MODEL CREATION AND CONCLUSIONS

Since there is a better understanding of the data, we can implement the Lasso Logistic Regression model to create our recommendation model. As it was mentioned, Lasso is an amazing technique as it prevents over-fitting by taking into account possible correlated features and eliminate variables that add noise to the model. Therefore, the final model is considered to provide with objective results and recommendations that can generalise well in unseen data.

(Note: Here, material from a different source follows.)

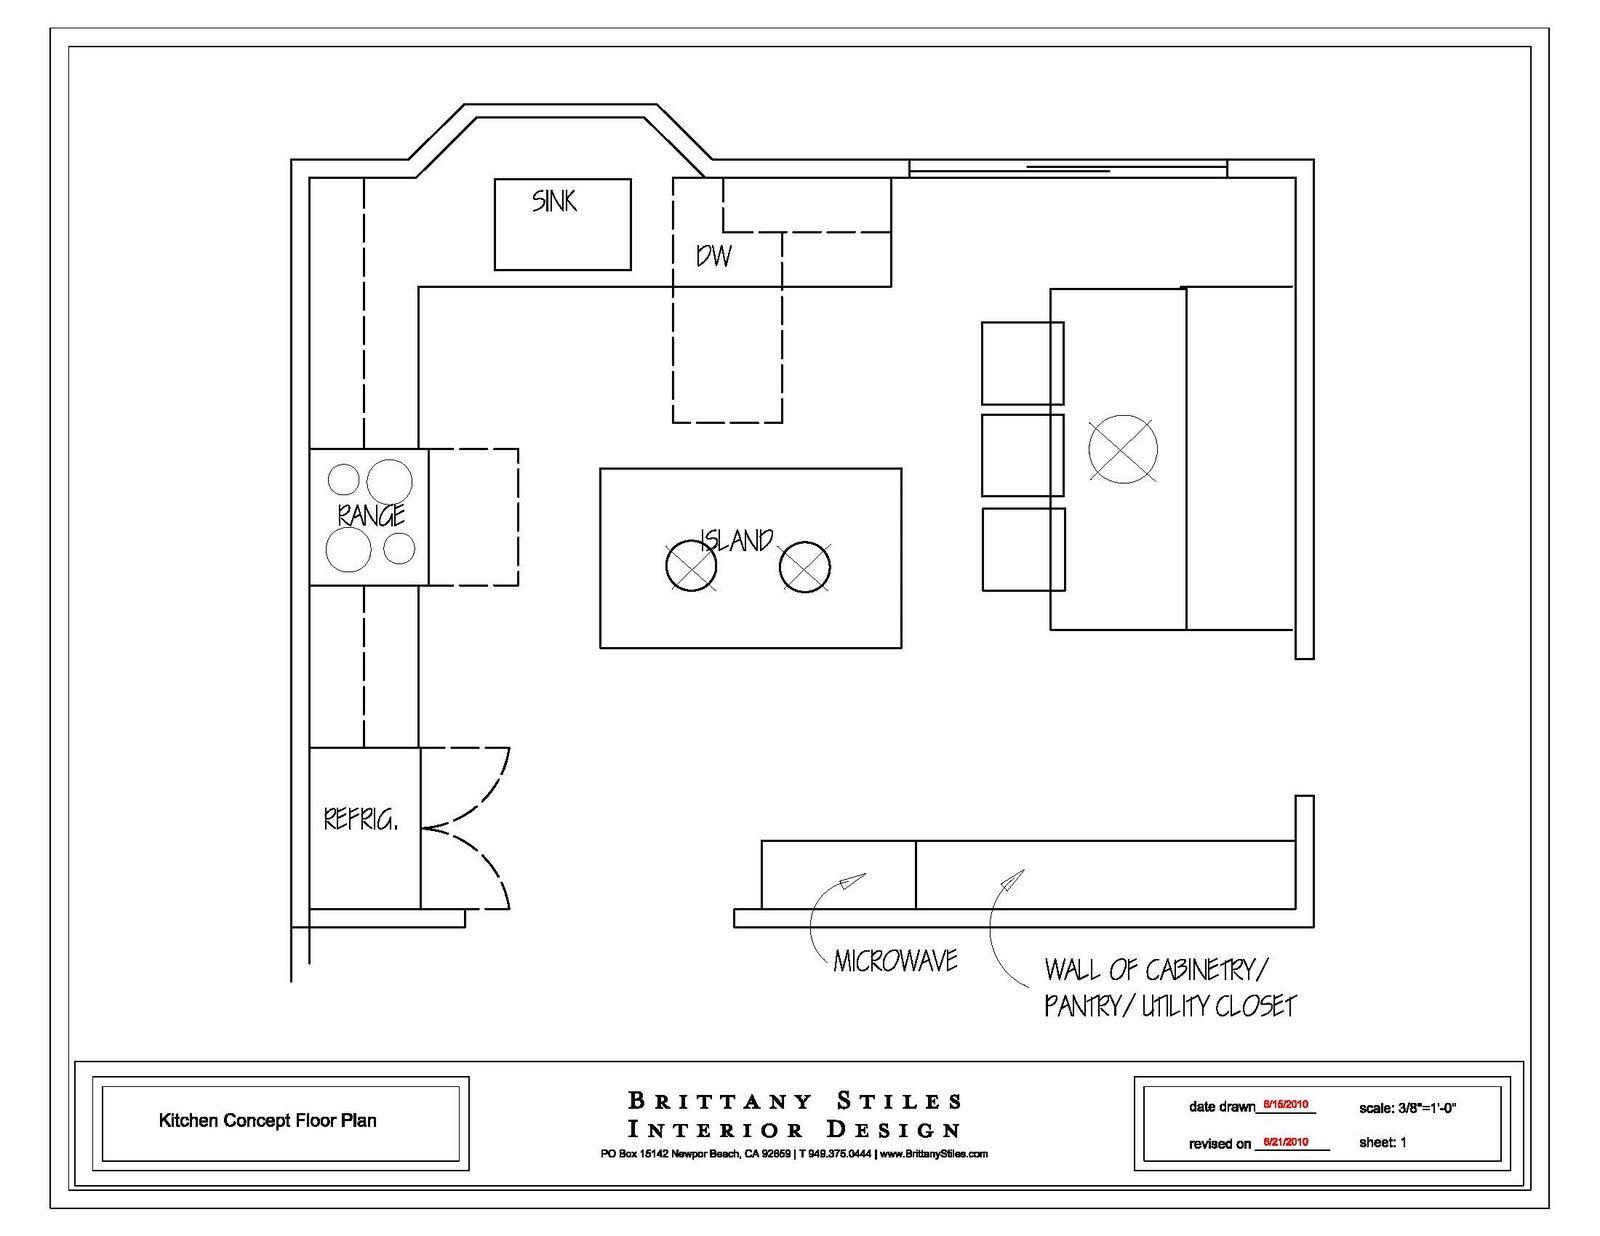 Kitchen Design Inspiration | Kitchens, Kitchen layout plans and ...

In order for the model to work correctly, it is advised to be provided with balanced data; data that has the same number of Events = 1 and Events = 0. Since the proportion of our dataset is 70% in favor of products where the customer showed no interest, an artificially balanced dataset will be produced by undersampling the majority class. In other words, out of the 70,000 instances of Events = 0, a sample of 30,000 instances is going to be extracted to match the sample of 30,000 instances of Events = 1. Literature suggests undersampling in favor of techniques of oversampling. In addition, several iterations (e.g. 10 iterations) will be run in order to secure unbiased results due to sampling.

To validate the model, 10-Fold Cross Validation is performed and an additional test set is withheld from the training process with an 80%-20% split to test the model even further.

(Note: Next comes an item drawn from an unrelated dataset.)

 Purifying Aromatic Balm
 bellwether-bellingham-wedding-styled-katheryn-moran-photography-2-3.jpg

## SET NUMBER OF REPETITIONS
n <- 10
## EMPTY CONFUSION MATRIX TO BE STORED FROM VARIOUS REPETITIONS 
confusion <- data.frame(r1 = rep(0,n), r2 = rep(0,n), r3 = rep(0,n), r4 = rep(0,n))

## AUC VALUE EMPTY VECTOR TO STORE AUC VALUES FROM VARIOUS REPETITIONS
auc.total <- vector(mode = "numeric", length = n)

## RUN THE MODEL 
for(i in 1:n){
## CREATE BALANCED DATASET BY UNDERSAMPLING THE MAJORITY CLASS
event0 <- data[data$Event == 0,]     
event0 <- sample_n(event0, 30000, replace = FALSE)  ## FROM MAJORITY CLASS, TAKE A 30.000 SAMPLE 

event1 <- data[data$Event == 1,]    ## FROM MINORITY CLASS, TAKE ALL THE 30.000 INSTANCES
balancedData <- rbind(event0, event1)   ## CREATE THE BALANCED DATA

## TAKE THE DEISGN MATRIX
designMatrix <- sparse.model.matrix(Event ~ .  , data = balancedData[,-c(1)])[,-1]  ## REMOVE THE CUSTOMER ID AND THE INTERCEPT
response <- balancedData$Event  ## STORE THE RESPONSE VARIABLE

## SPLIT IN TRAIN AND TEST SET
ind <- sample(2, nrow(designMatrix), replace = TRUE, prob = c(0.8, 0.2))

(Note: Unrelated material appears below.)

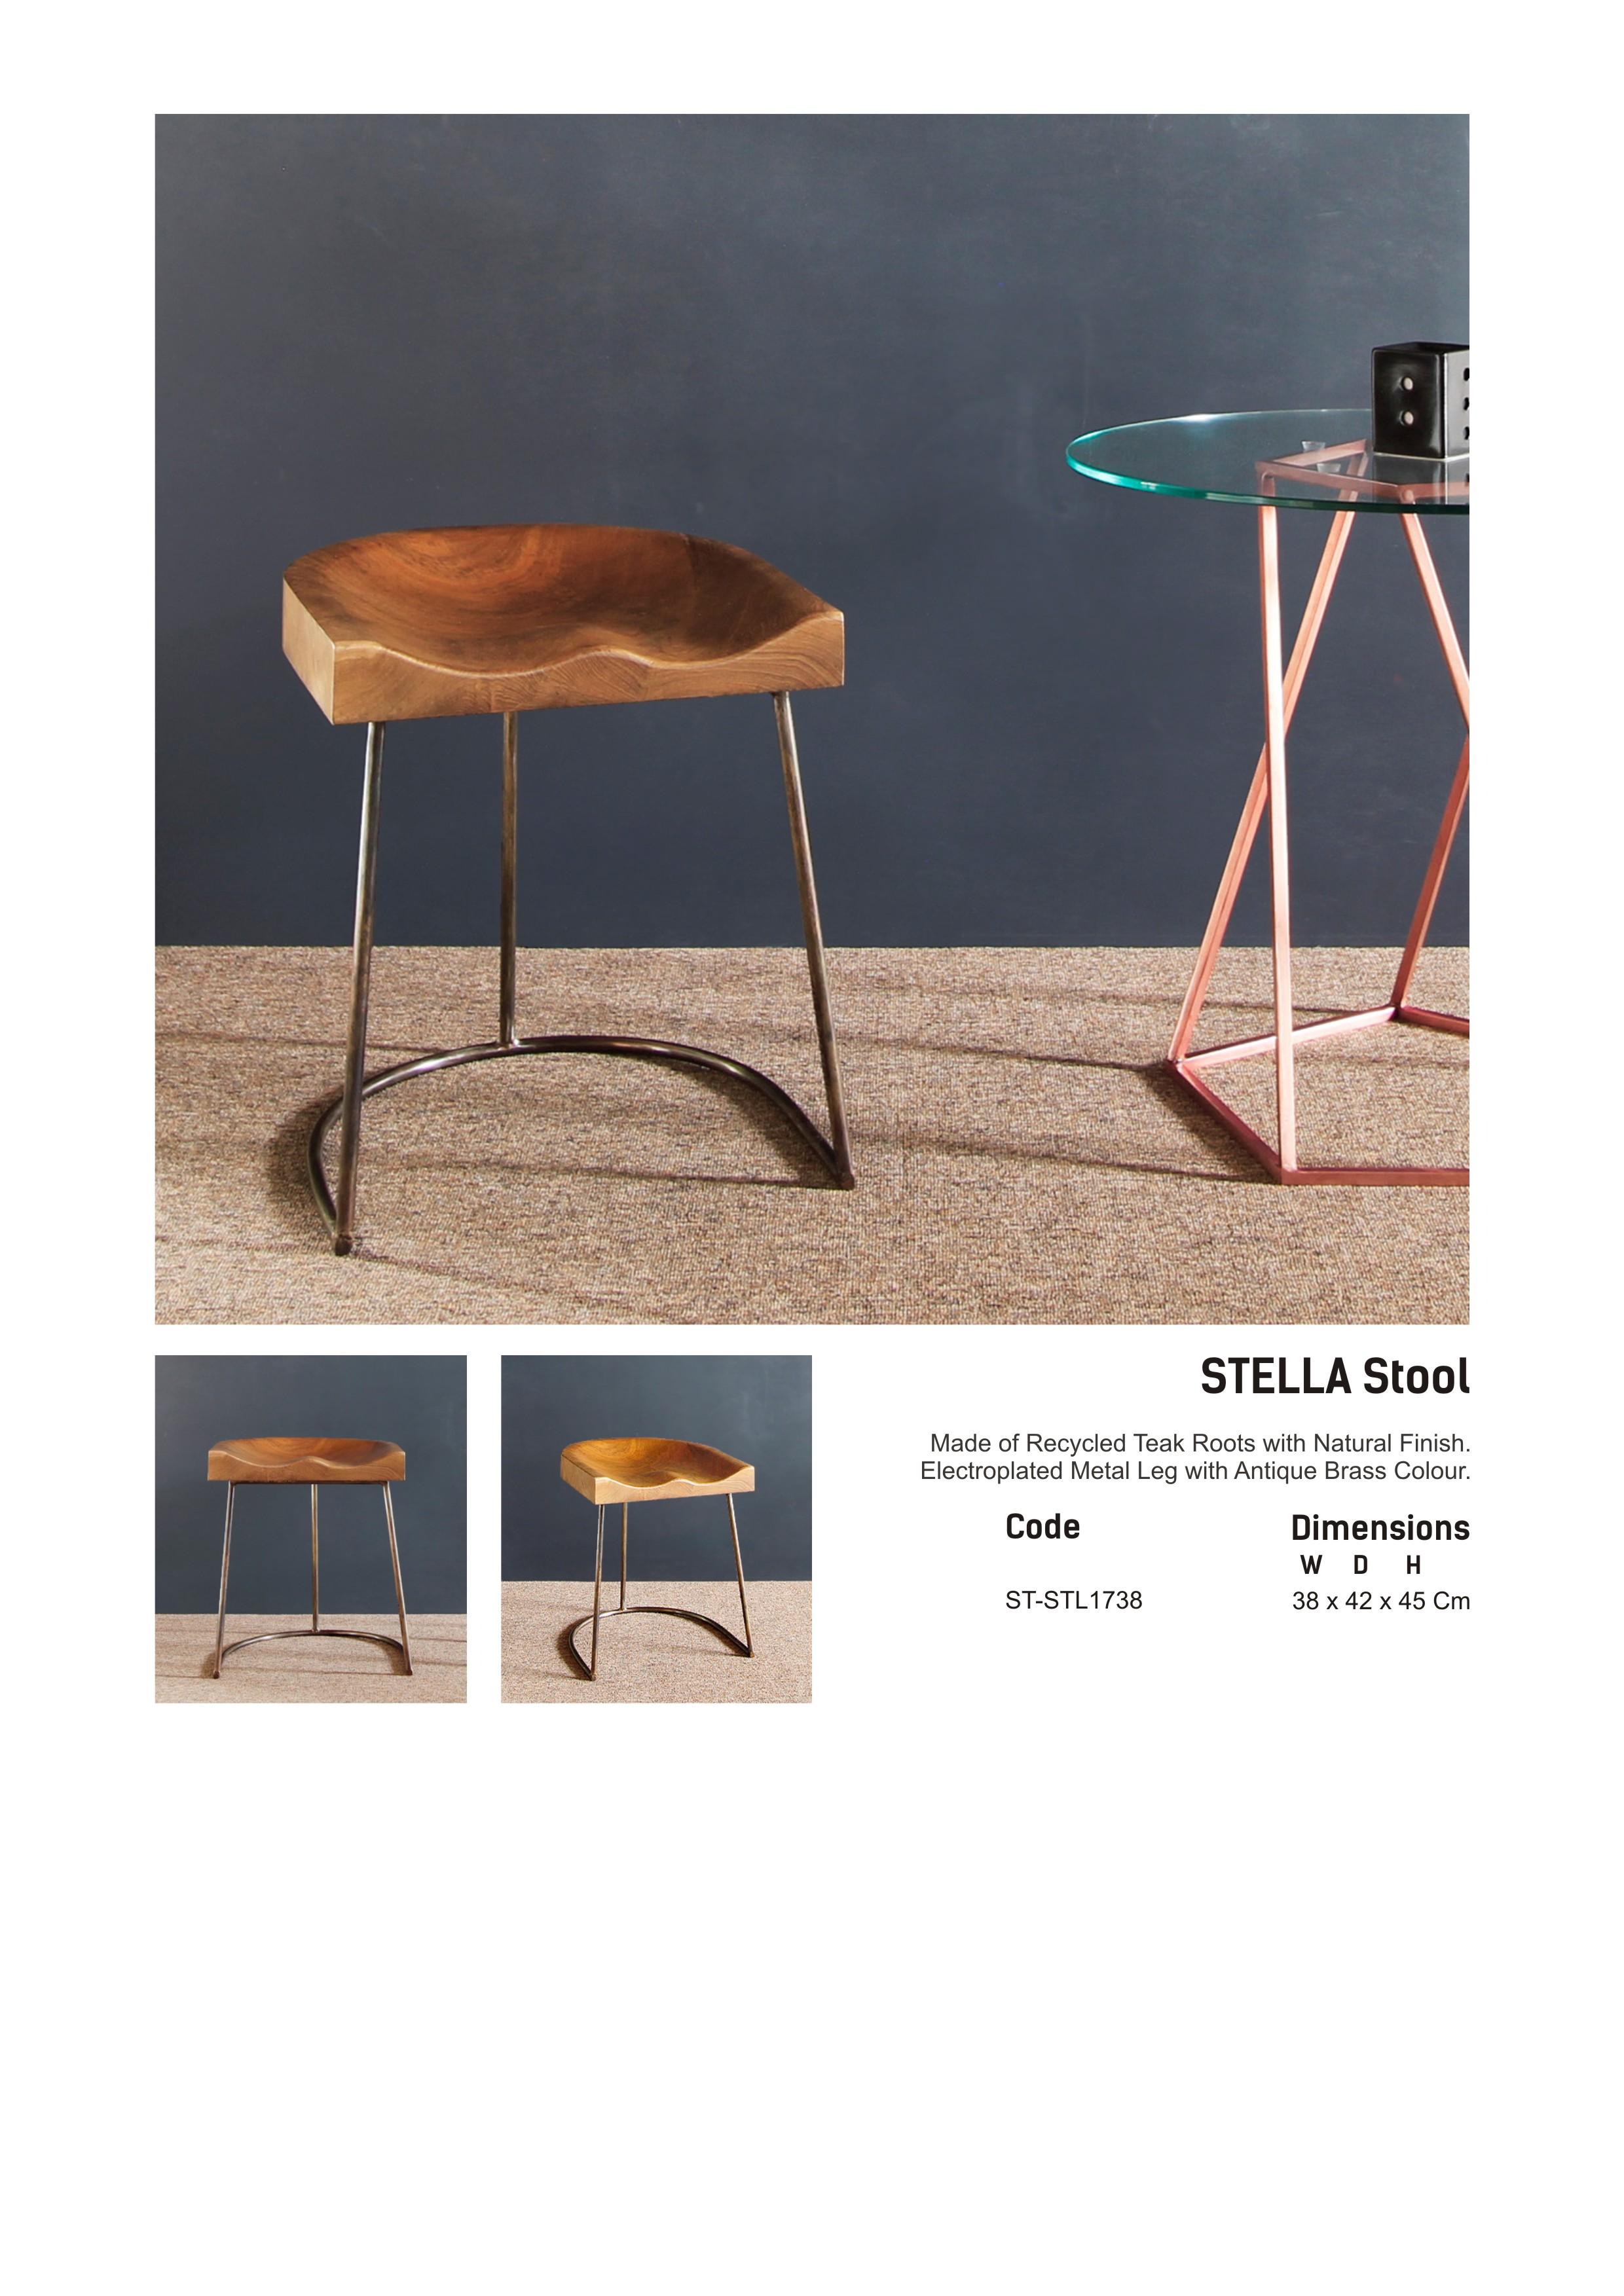 17. STELLA - Stool

trainData <- designMatrix[ind == 1,] 
responseTrain <- response[ind == 1]
dim(trainData) 

testData <- designMatrix[ind == 2,]
responseTest <- response[ind == 2]
dim(testData)

## CHECK FOR PROPORTION
# FOR DESIGN TRAIN
table(responseTrain)

# FOR DESIGN TEST
table(responseTest)

## LASSO CROSS VALIDATION TO FIND THE BEST LAMBDA
cv <- cv.glmnet(trainData, responseTrain, 
                nfolds = 10, 
                type.measure = "class",
                family = "binomial", 
                alpha = 1)

## PREDICT ON TEST.SET (UNSEEN DATA) USING THE BEST LAMBDA FROM CROSS VALIDATION
predictions <- predict(cv, newx = testData, type = "response", s = "lambda.min")
pred.roc <- predictions     ## STORE THE PROBABILTIES FOR THE ROC CURVE TO BE USED LATER
cut_off <- 0.47             ## SELECT THE CUT-OFF TO CLASSIFY THE RESULT 
predictions <- if_else(predictions >= cut_off, 1, 0)

## STORE AUC VALUE
predictions.bal <- prediction(pred.roc, responseTest)
auc <- performance(predictions.bal, "auc")
auc.total[i] <- unlist(slot(auc, "y.values"))

## STORE THE CONFUSION MATRIX FOR EVERY REPETITION
confusion[i,] <- as.vector(table(predictions, responseTest))
}

RESULTS

The most common and widest metric to rate the success of a machine learning model is the accuracy metric. As the name denotes, accuracy is the fraction of predictions the model got right in total. However, we are also interested in the proportion of the predictions that the user would interact with a product and the predictions that the user would not. Both of these proportions are measured with the Sensitivity and Specificity metrics respectively. Sometimes, we are more interested in obtaining a higher value in one of these metrics over the other as it is considered to be more important. In our case, more of a significant error it would be to not recommend a product that the customer would interact rather than suggesting a product that the customer would not. Therefore, a priority is to obtain a high value of Sensitivity as possible while keeping a reasonable balance between them. This can be achieved by being a little bit more willing to recommend a product to a customer. Recall that the model will have an output of a probability which means that an output of 0.5 would indicate half a chance of the customer re-showing interest for a particular product. Setting a cut-off slightly lower than that, we can be sure to not miss a high number of products or services that would be of an interest to a customer.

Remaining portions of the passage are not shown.